For insider risk specifically, invert the lens: instead of impossible-travel, hunt for legitimate access that is anomalous for the peer group — a finance analyst suddenly enumerating HR shares. UserPeerAnalytics gives you the peer set; the deviation is the signal. ATO hunts lean on FirstTimeUserConnectedFromCountry, new ASN, and unfamiliar sign-in properties from BehaviorAnalytics.

5. Mapping queries to MITRE ATT&CK and tracking coverage

Coverage is the metric that turns hunting from activity into a program. Every saved hunting query and analytics rule carries ATT&CK tactics and technique IDs as first-class metadata, and you should populate them deliberately.

In a hunting query (the Microsoft.SecurityInsights/huntingQueries / saved-search ARM type) and in scheduled analytics rules, the technique mapping is structured fields, not a comment. Bicep for an analytics rule:

resource credAddRule 'Microsoft.SecurityInsights/alertRules@2024-03-01' = {
  scope: workspace
  name: guid('hunt-T1098-cred-add')
  kind: 'Scheduled'
  properties: {
    displayName: 'Credential added to service principal (T1098.001)'
    severity: 'Medium'
    enabled: true
    query: loadTextContent('queries/t1098-sp-cred-add.kql')
    queryFrequency: 'PT1H'
    queryPeriod: 'P14D'
    triggerOperator: 'GreaterThan'
    triggerThreshold: 0
    tactics: [ 'Persistence', 'PrivilegeEscalation' ]
    techniques: [ 'T1098' ]
    subTechniques: [ 'T1098.001' ]
    entityMappings: [
      {
        entityType: 'Account'
        fieldMappings: [ { identifier: 'FullName', columnName: 'Actor' } ]
      }
    ]
  }
}

tactics, techniques, and subTechniques are the fields the MITRE ATT&CK coverage blade reads. subTechniques arrived later than techniques and is supported on recent alertRules API versions (2023-02-01 and newer) — pin a current @version or the property is silently dropped.
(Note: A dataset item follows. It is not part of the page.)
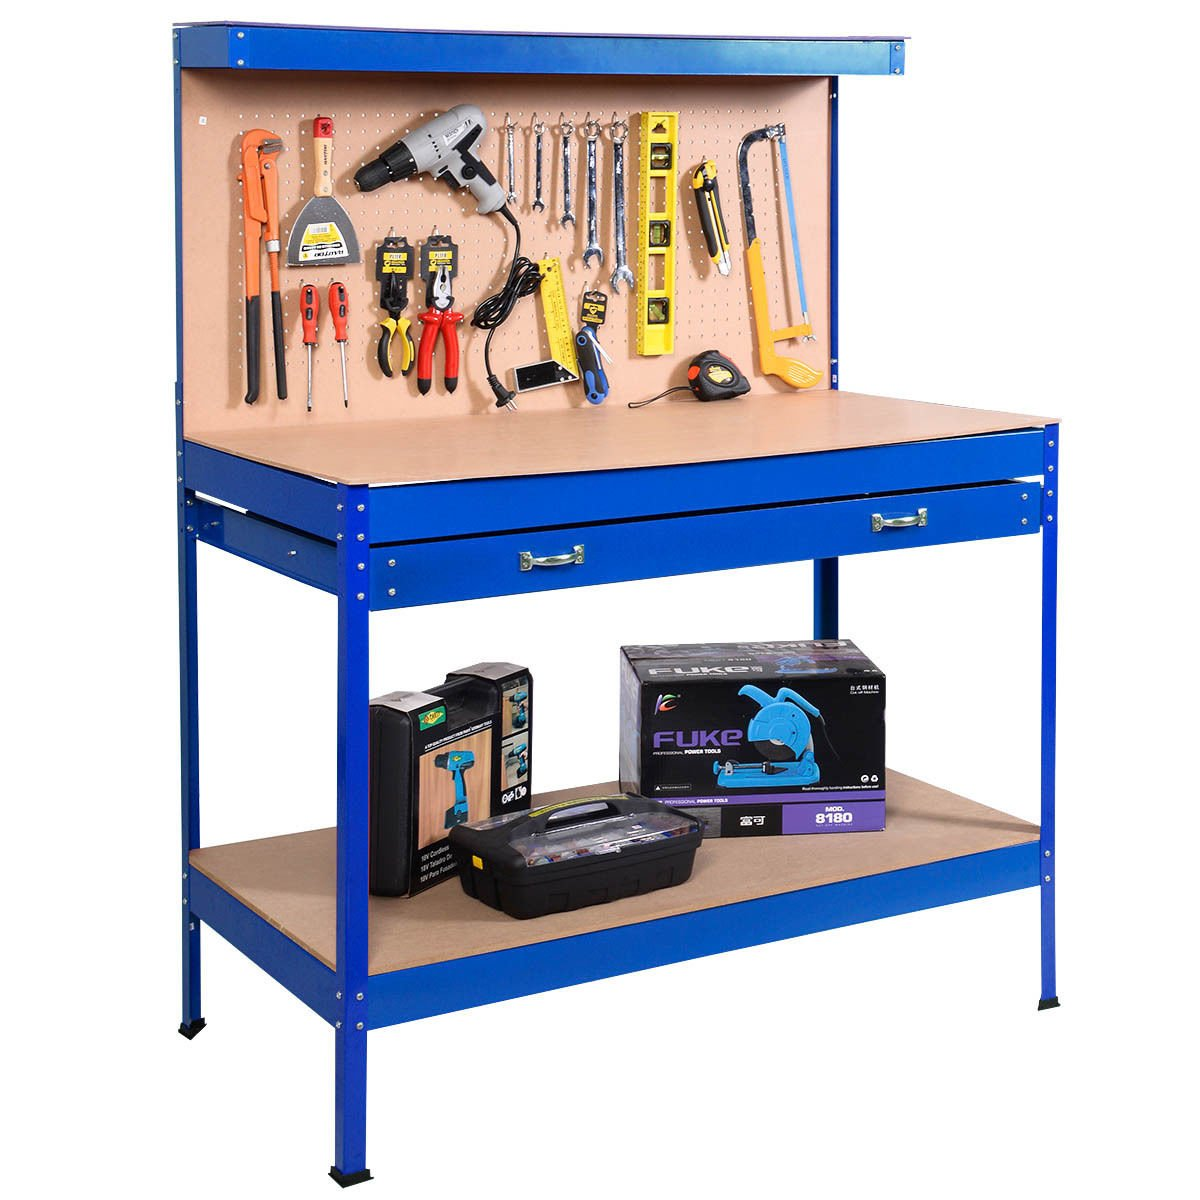 allgoodsdelight365 Blue Work Bench Tool Storage Steel Tool Workshop Table W/Drawer and Peg Board Bonus free ebook By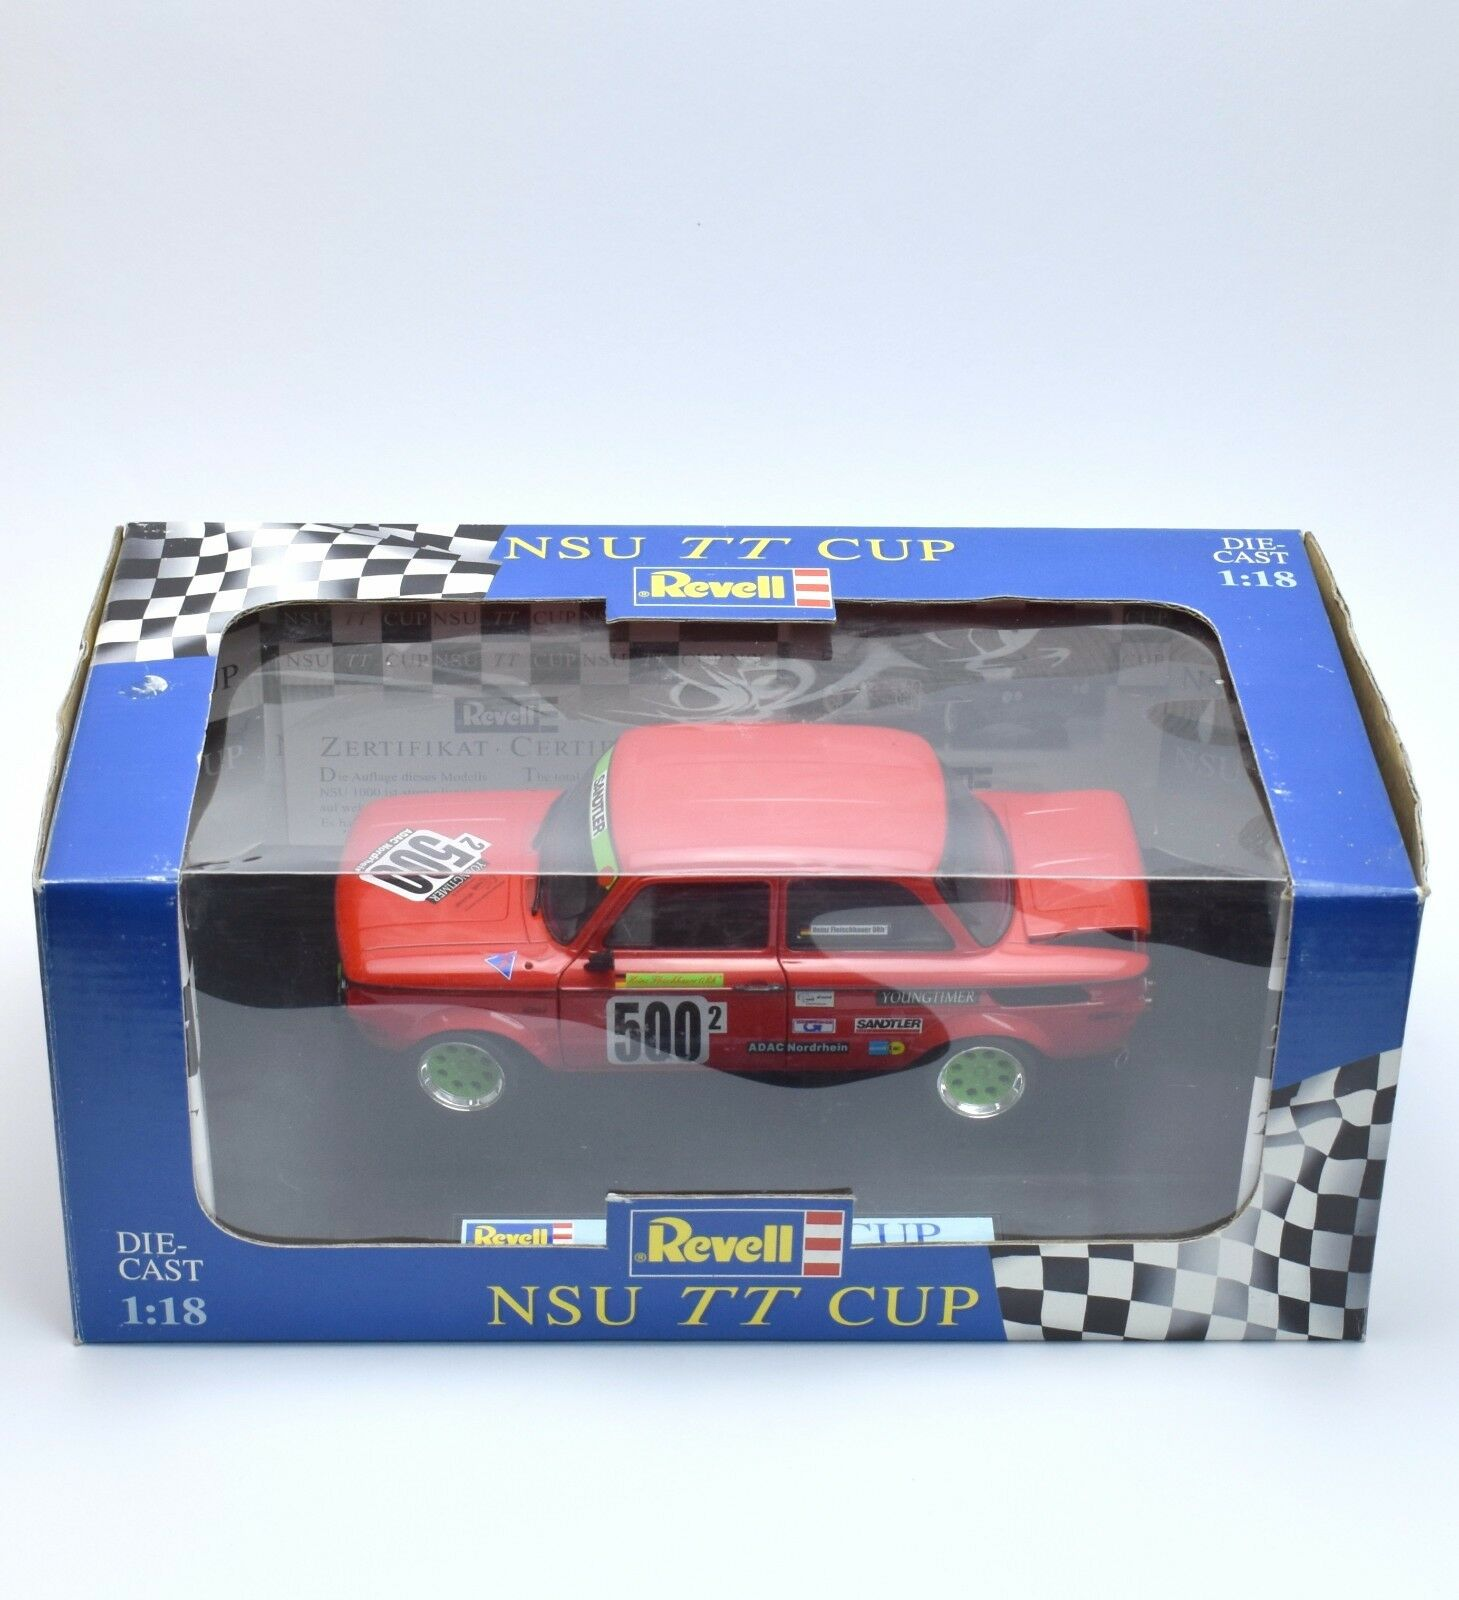 REVELL 08457 NSU 1000 Prinz TT CUP H. viande HAUER, certificat, 1 18, NEUF dans sa boîte, k033

Open Sentinel -> MITRE ATT&CK to see the matrix shaded by your active rules and hunting queries. Treat the gaps as a backlog. Pull coverage programmatically to track it over time rather than eyeballing the heatmap:

# Export technique coverage from active analytics rules
az rest --method get \
  --url "https://management.azure.com/subscriptions/$SUB/resourceGroups/$RG/providers/Microsoft.OperationalInsights/workspaces/$WS/providers/Microsoft.SecurityInsights/alertRules?api-version=2024-03-01" \
  --query "value[].properties.{name:displayName, techniques:techniques, tactics:tactics}" -o table

The honest read: ATT&CK coverage measures intent to detect, not detection efficacy. A green cell with a noisy, never-tuned rule is worse than an empty one. Pair the matrix with a hit-rate review (section 8) so coverage and quality move together.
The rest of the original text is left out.